I wouldn't have anticipated that a story set in the small Ohio town of Breathed in 1984, with a whimsical premise and heavily quirky details (example: characters with names like Autopsy Bliss and Dresden Delmar), would turn out to be one of the best books I've read, so far, in 2016, and certainly one of the best published this year. But here we are. I am very, very glad I took a chance on this book.
The aforementioned Autopsy Bliss, a lawyer, publishes an provocative article in the local newspaper (bearer of another quirky moniker: The Breathanian). It's addressed to the devil – 'Sir Satan, Lord Lucifer, and all other crosses you bear' – and extends a cordial invitation, politely summoning him to the town. The next day, Autopsy's thirteen-year-old son, Fielding, is stopped in his tracks by a bruised, raggedy boy dressed in shabby overalls. After asking whether there's any ice cream, the mysterious boy says he's there because he was invited, and pulls the newspaper piece from his pocket.
It seems a foregone conclusion that the boy will follow Fielding home, and when his family can't be traced, there he stays. In time he acquires the name Sal, which he picks because it invokes 'the beginning of Satan and the first step into Lucifer. Sa-L.' And there are many suggestions of the uncanny about Sal: his lengthy, incongruously wise monologues, the strange stories he tells about God and Hell and the people there, the inexplicable breadth of his knowledge. Not to mention the fact that after he shows up, Breathed is enveloped by a heatwave that begins to seem endless. In an atmosphere of mounting paranoia and violent heat, Sal becomes a lightning rod for the fears of the townspeople, whose passions are stoked by a self-appointed preacher. It's no surprise (and no spoiler either) that a sense of inevitable tragedy suffuses the whole narrative.

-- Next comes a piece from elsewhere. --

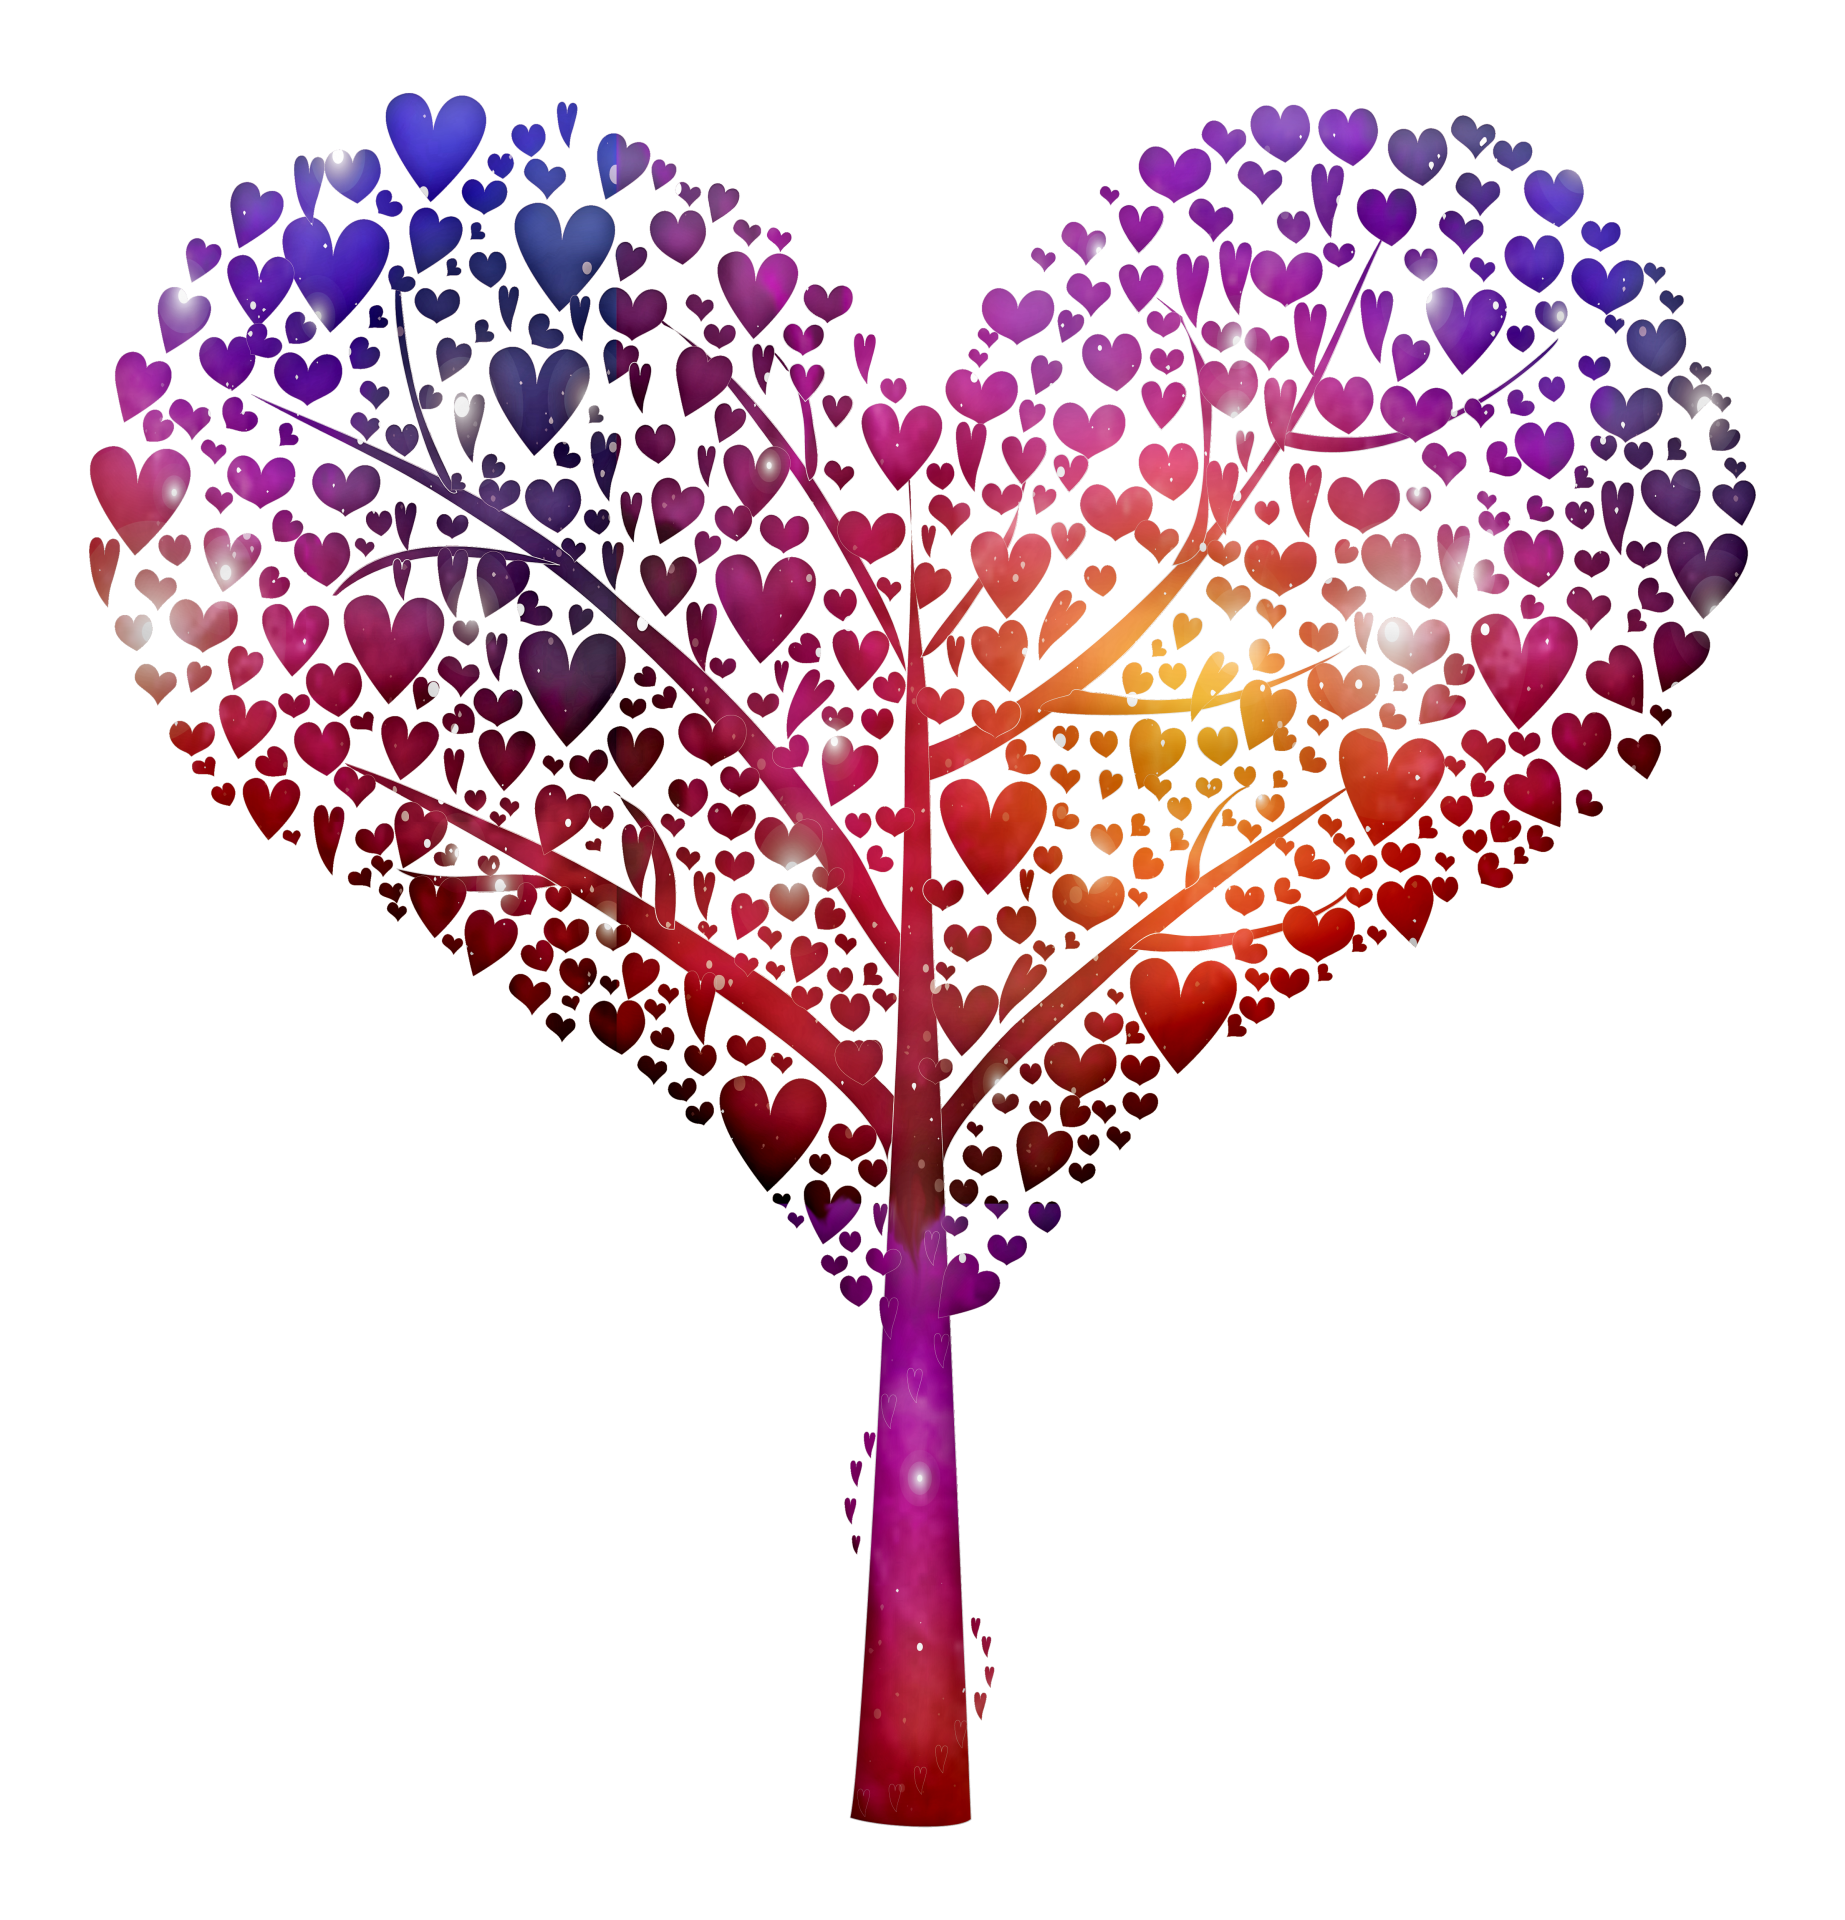 Heart Shaped Galaxy Tree

Fielding Bliss tells this story many years later, as a profoundly lonely man in his eighties. The timeline and his age suggest Fielding's 'present day' is circa 2055, but that doesn't mean it has some sort of dystopian bent, as stories set in the near future so often do; there's no suggestion of a world much altered from the one we're in now. There is little in the way of a plotline around Fielding's later life. He is simply the storyteller; but as he drops in anecdotes about his life since those days, we are left in no doubt that the summer of Sal has stamped an indelible mark on his soul.
Just before I jumped from the plane, I promised myself if I landed on only the yellow blooms, I would take it as a sign of my ghosts allowing me peace. With that peace, I would no longer suffer in the worst shadow of the snake. I would stop skinning peaches. Cease all mad damage. I'd bring an end to splintering my knuckles against picket fences and running chainsaws through rows of American corn. I'd sweeten my heart. Be gentled by the small of a lover's back. I'd no longer scrape my spine against cinder blocks nor cannibalize myself in perfect bites. I'd get rid of my stash of horns and keep hell out of the honey. I would learn how to say June, July, August, September without scream and as one word. Forgiveness.

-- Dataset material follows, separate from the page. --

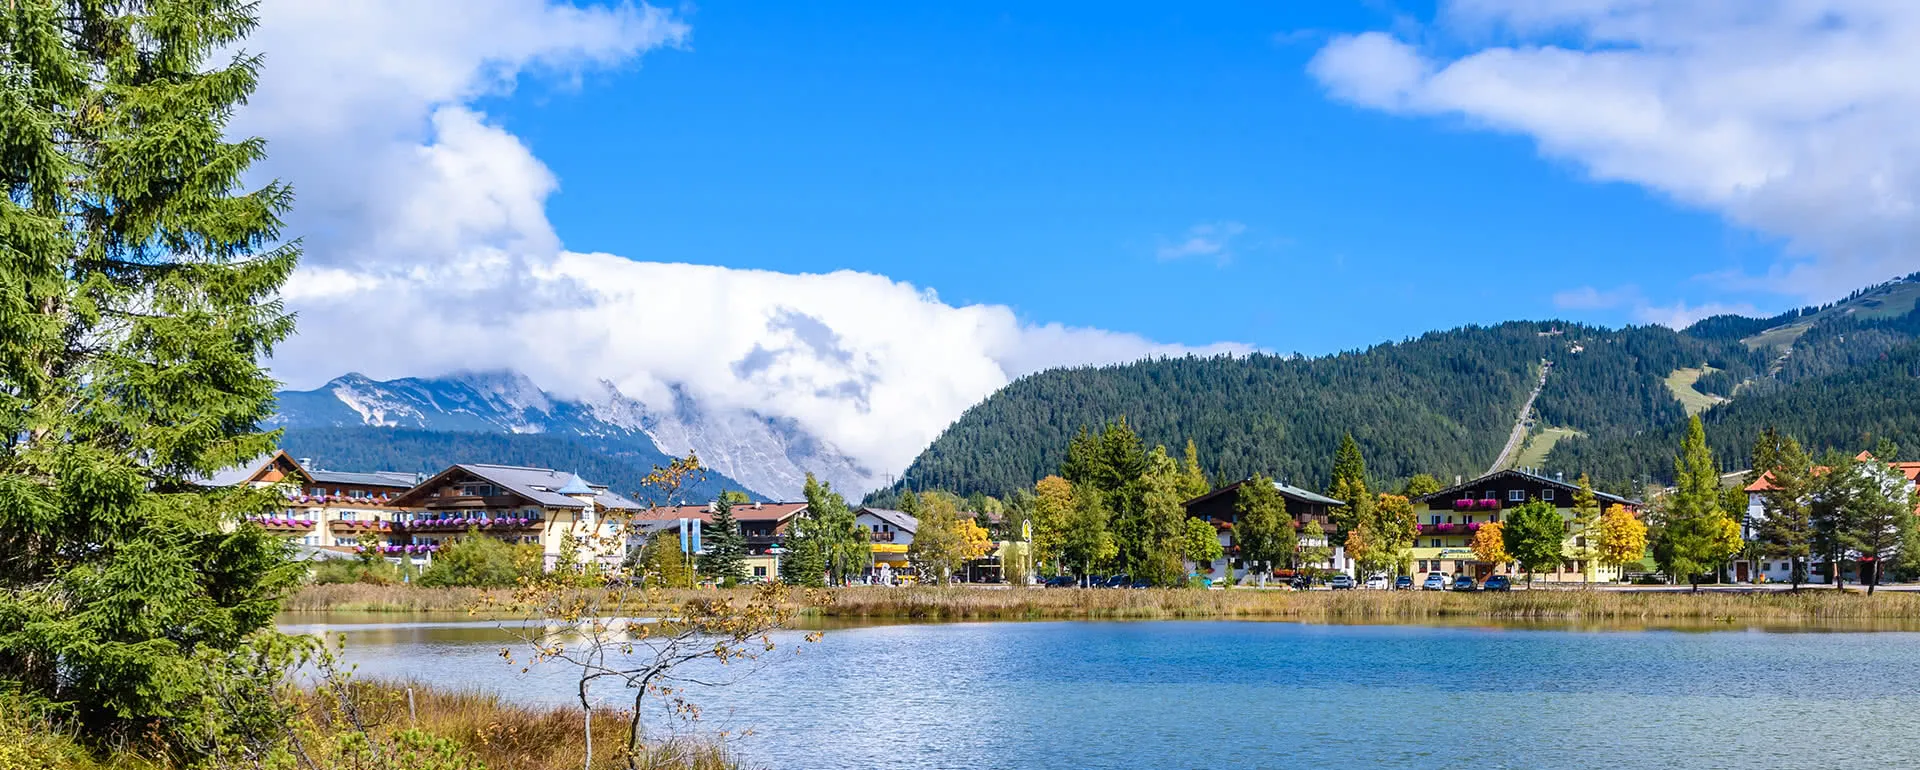 Seefeld in Tirol - das Reiseziel mit Jugendherbergen

The Summer That Melted Everything is gorgeously written – lush, shimmering, strange prose more often like a poem or a song lyric than regular fiction. Fielding sometimes seems to talk in riddles; sometimes, as in the passage above, it's not necessarily evident whether he's speaking literally or metaphorically. The narrative is chock-full of unusual metaphors, and every so often they're metaphors that don't really work but end up sounding beautiful anyway. The end result is deeply beguiling, and potent: I felt completely transported to the Breathed of the 1980s, a weird collision of small-town Southern traditions (and prejudices) and the bright, outlandish fashions of the decade, a town where, in Fielding's words, 'everything seems neon lit'. Reading the book on typically grey English days did nothing to hinder its effectiveness in portraying a sweltering, suffocating summer.

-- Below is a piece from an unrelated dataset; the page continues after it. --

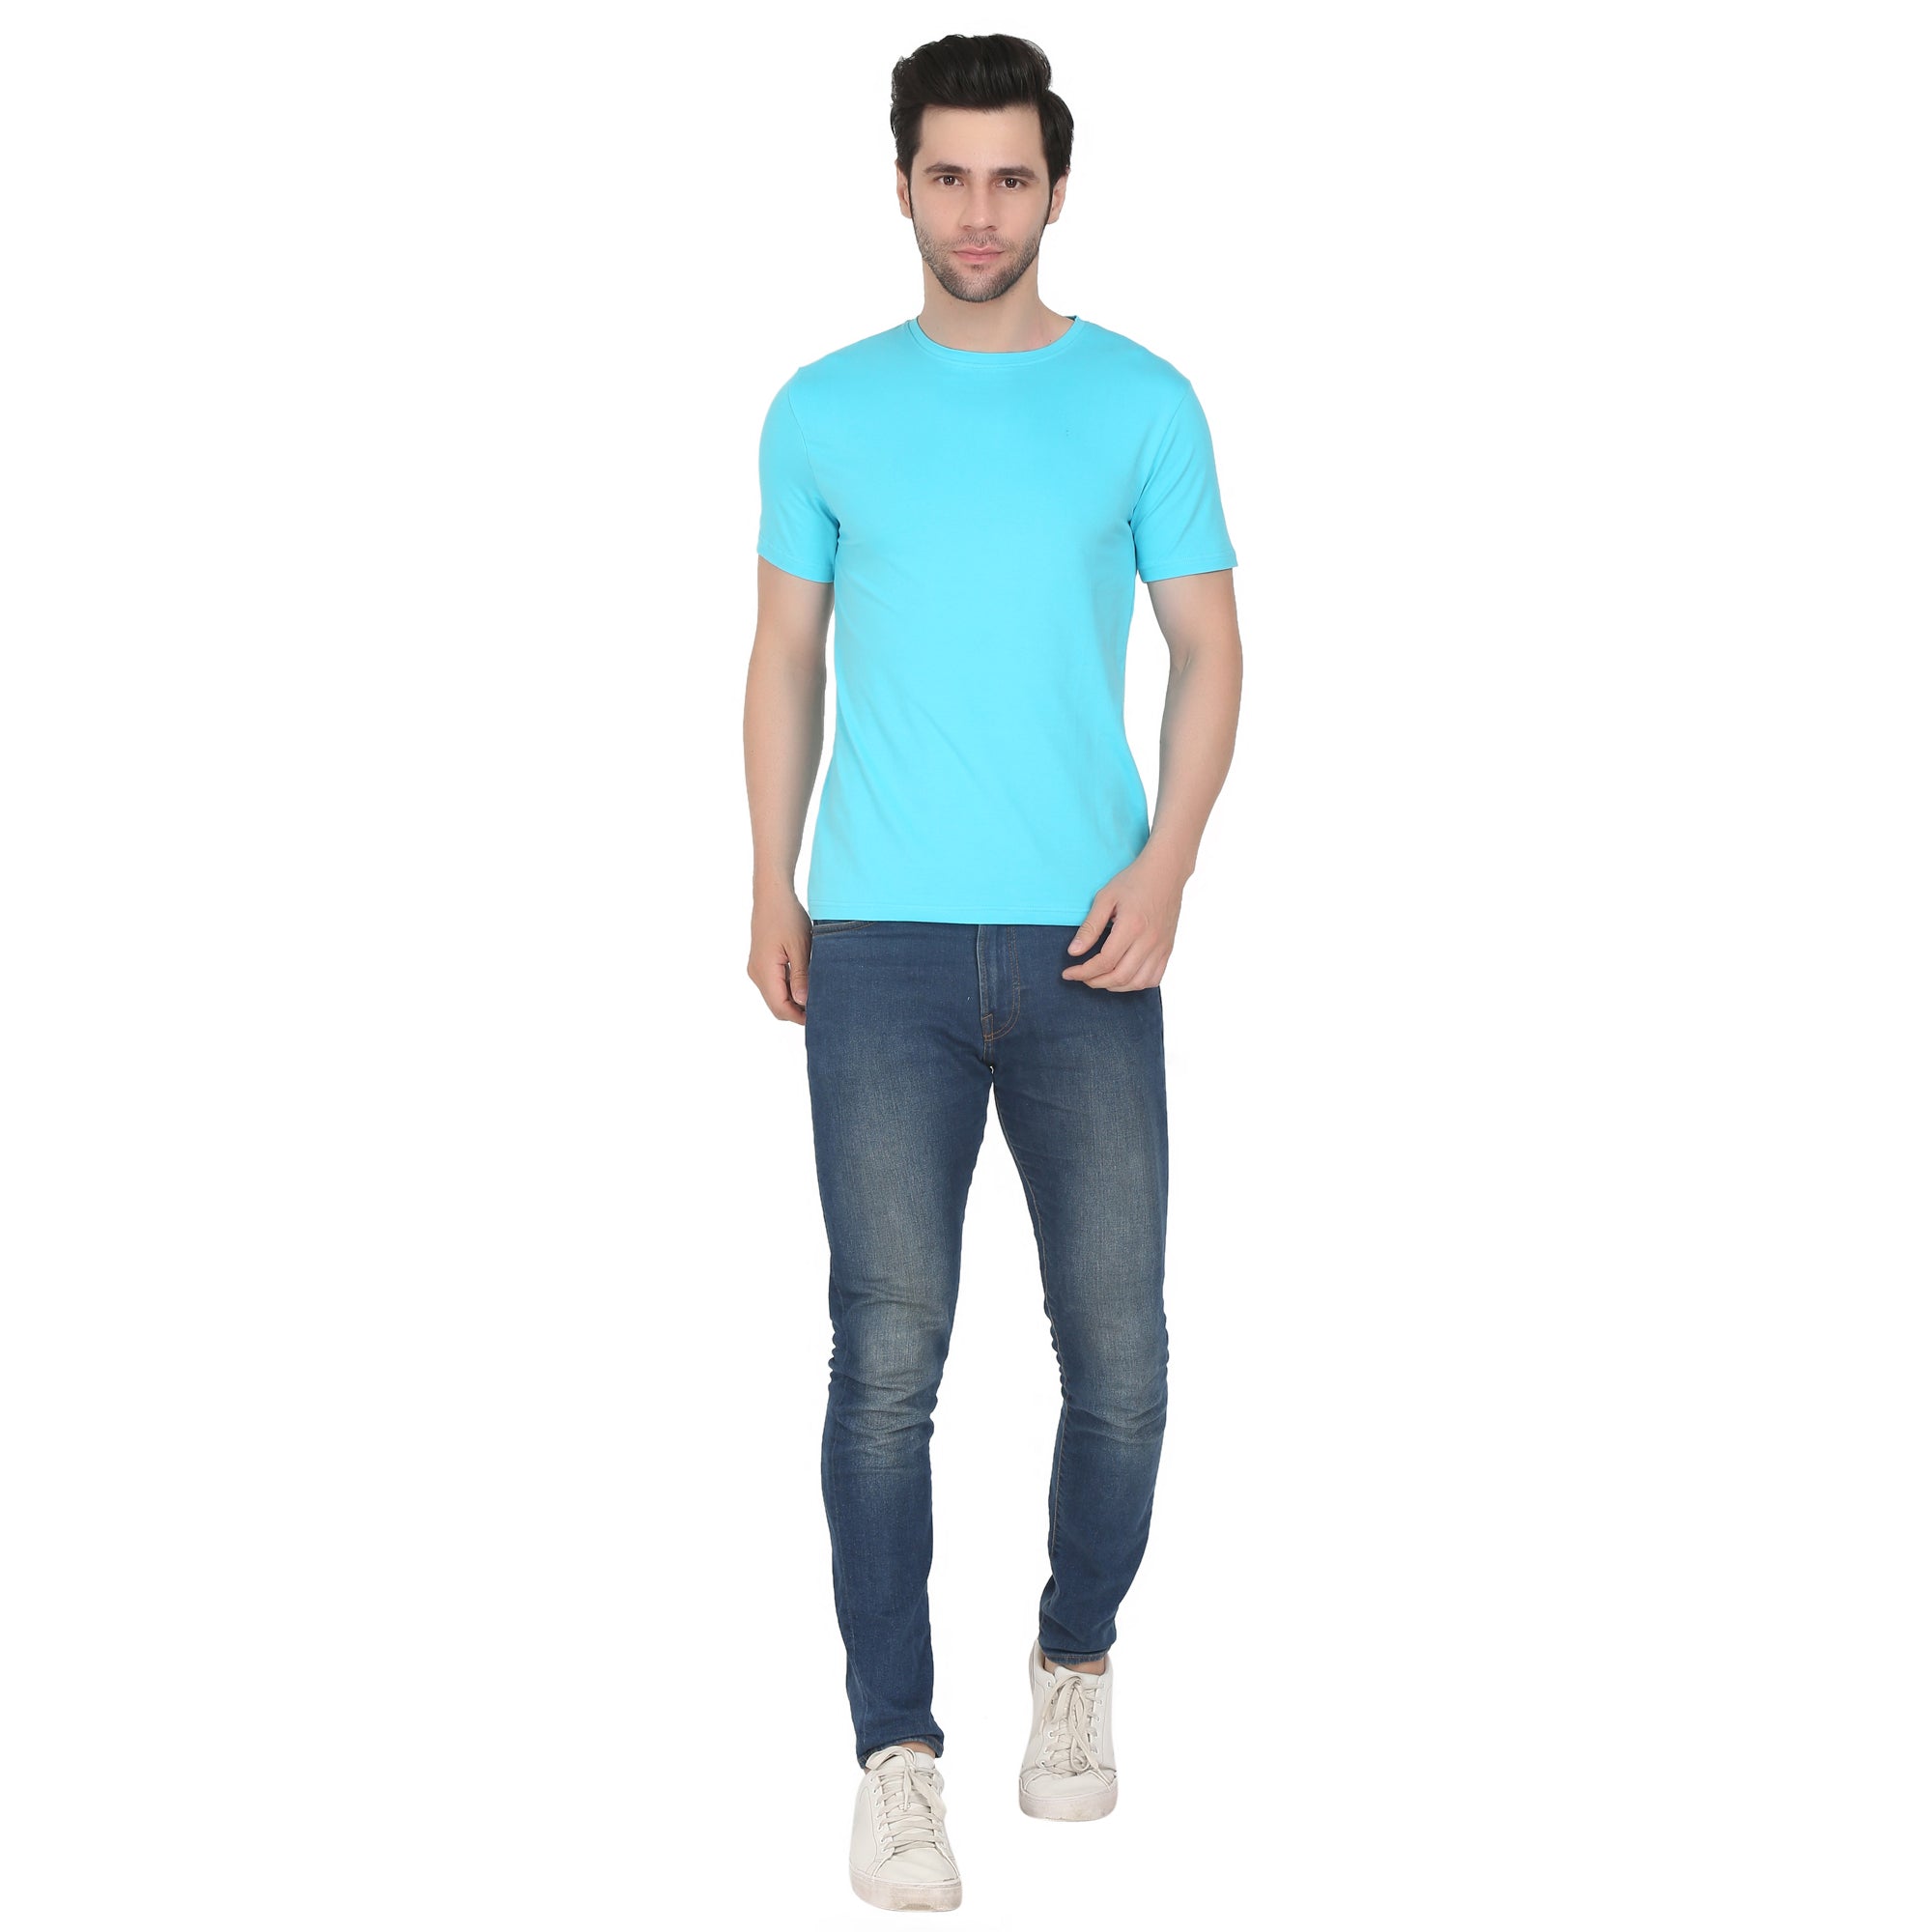 Men Four Way Stretch Cotton Plain T-shirt - Sky Blue Colour

Despite its quirkiness and suggestions of fantasy, Melted contains one of the most tender and heartbreaking stories I have ever read about platonic love, particularly the relationship between brothers. It wasn't really until I finished reading the book that I realised exactly how many tricky, contentious topics the story covers – sexuality, disability, religion, loneliness, ageing, phobias, prejudice, HIV/AIDS – the list goes on, but the book really doesn't feel as though it's 'addressing issues'. Probably its greatest achievement is hiding all of that in plain sight, avoiding being preachy or not ringing true.
Ever since reading Melted, I've kept having these occasional flashbacks to just how good, how evocative, how moving it was, how clearly I could picture Breathed and how deeply I was drawn in by Sal and the Bliss family. I was so consumed by this book that it feels like a memory, like something I've seen. I can't wait for other readers to start discovering it. I try not to trot out that book-review cliche – saying I feel envious of those who are yet to read it for the first time – too often, but in this case it's not just hyperbole. Even if it doesn't sound like your sort of thing, I urge you to give it a try, and I hope you fall in love with it like I did.
I received an advance review copy of The Summer That Melted Everything from the publisher through NetGalley.